How to apply a function to all elements in a column in a dataframe for faster results?

Question:

I have a data frame with close to 2.5M rows. The structure of the data frame is as follows:

X Y
3256772 54745
3256778 54779

I have to apply a PyProj function such that the following result is obtained:

X Y X2 Y2
3256772 54745 23.45 -49.23
3256778 54779 23.50 -51.24

Is there anyway to optimize this piece of code?
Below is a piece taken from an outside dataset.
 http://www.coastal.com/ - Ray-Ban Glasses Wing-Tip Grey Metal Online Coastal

The data frame i’m working on has close to 2.5 million rows thus the optimization matters.

I have written the following code for applying the function but it is taking forever to process the results.
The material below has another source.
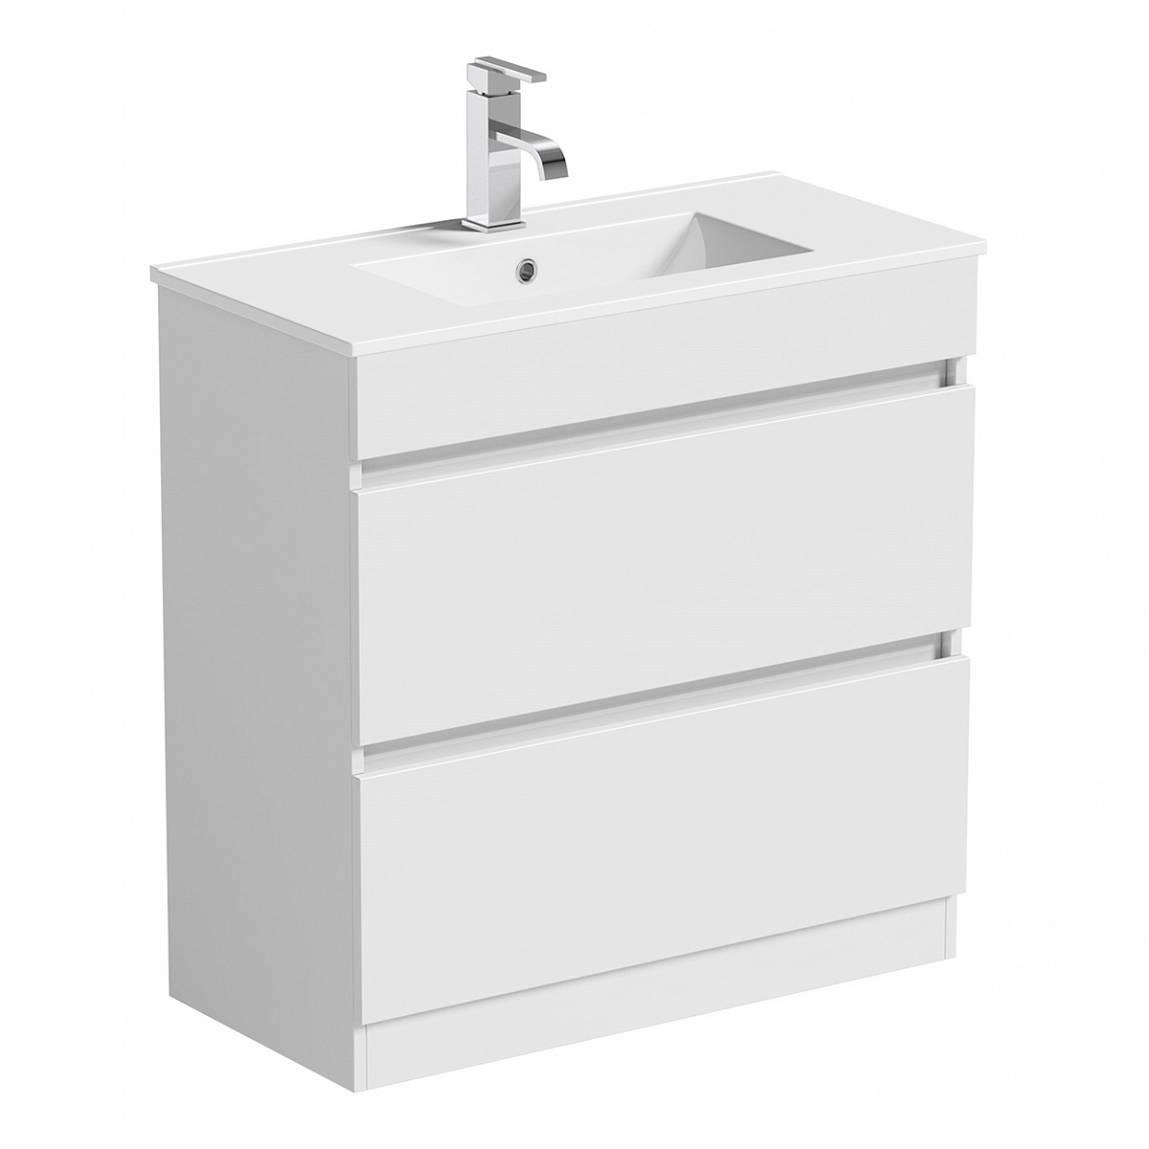 Image of Plan White Floor Mounted 800 Drawer Unit & Basin

from pyproj import Proj, transform

def convert(x1,y1):
    inProj = Proj('epsg:3857')
    outProj = Proj('epsg:4326')
    x2,y2 = transform(inProj,outProj,x1,y1,always_xy=True)
    return(x2,y2)


final[['X2', 'Y2']] = final.apply(lambda row: pd.Series(convert(row['X'], row['Y'])), axis=1)
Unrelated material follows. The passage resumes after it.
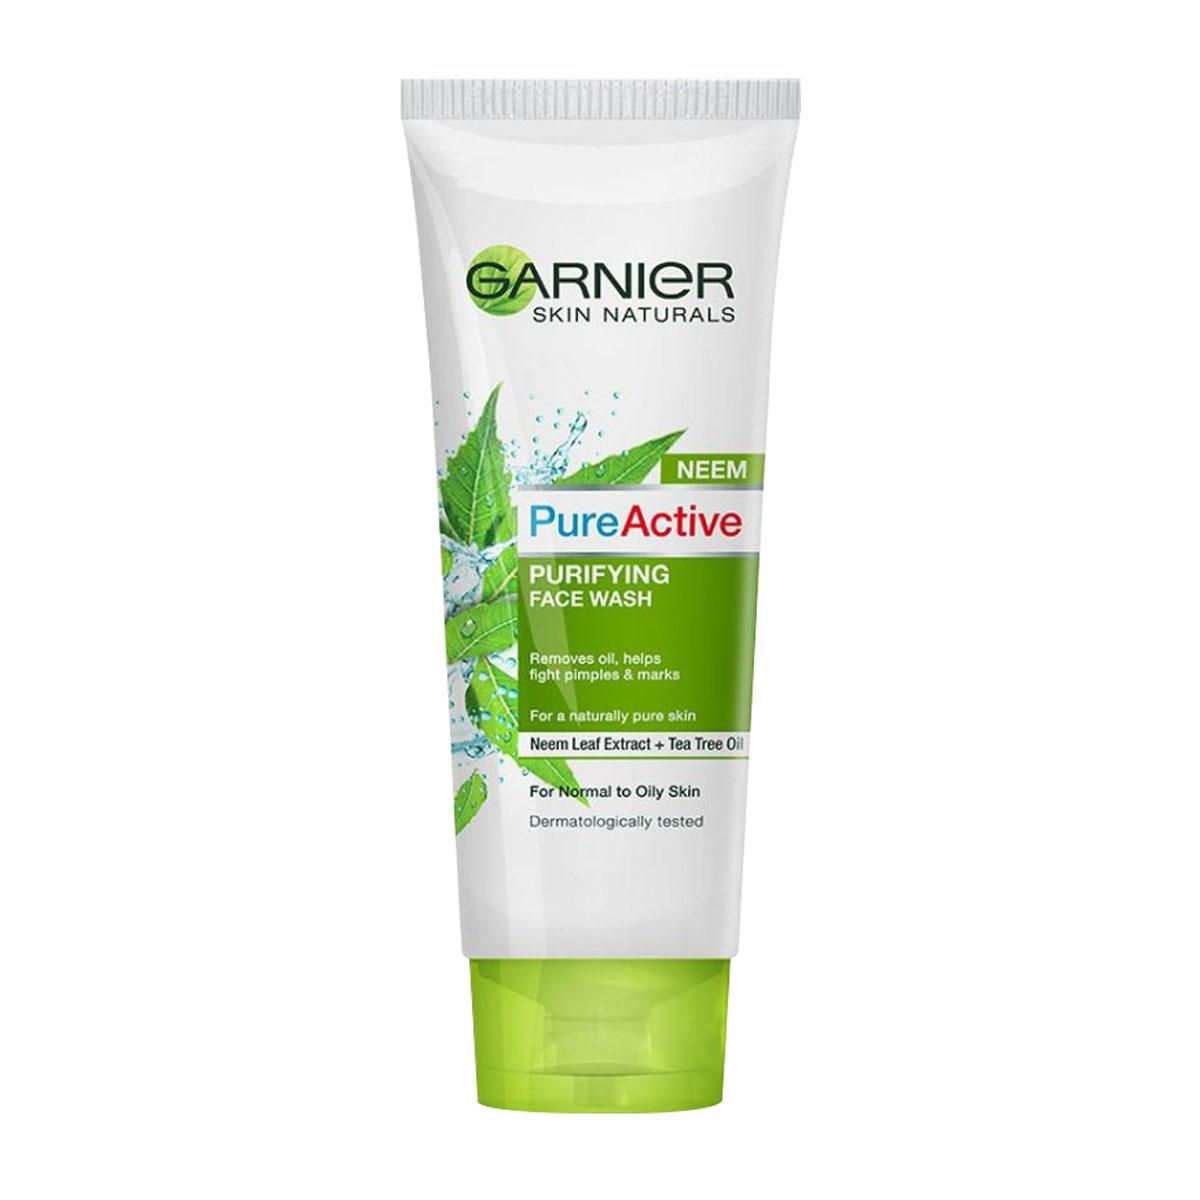 Garnierrak Buy At Best Price In Bangladesh Www Garnier Pure Active Matcha Deep Clean 50ml Purifying Face Wash 100g

Asked By: Rishikesh Sreehari

||

Answers:

Based on the suggestions in the comments, I passed the x1 and y1 input values as numpy arrays and got the results. The code executed in 4.1s which works for me.

For future reference for anyone looking, here’s the code I used:

final['X2'],final['Y2']=transform(input_epsg,output_epsg,final[["X"]].to_numpy(),final[["Y"]].to_numpy(),always_xy=True)
Answered By: Rishikesh Sreehari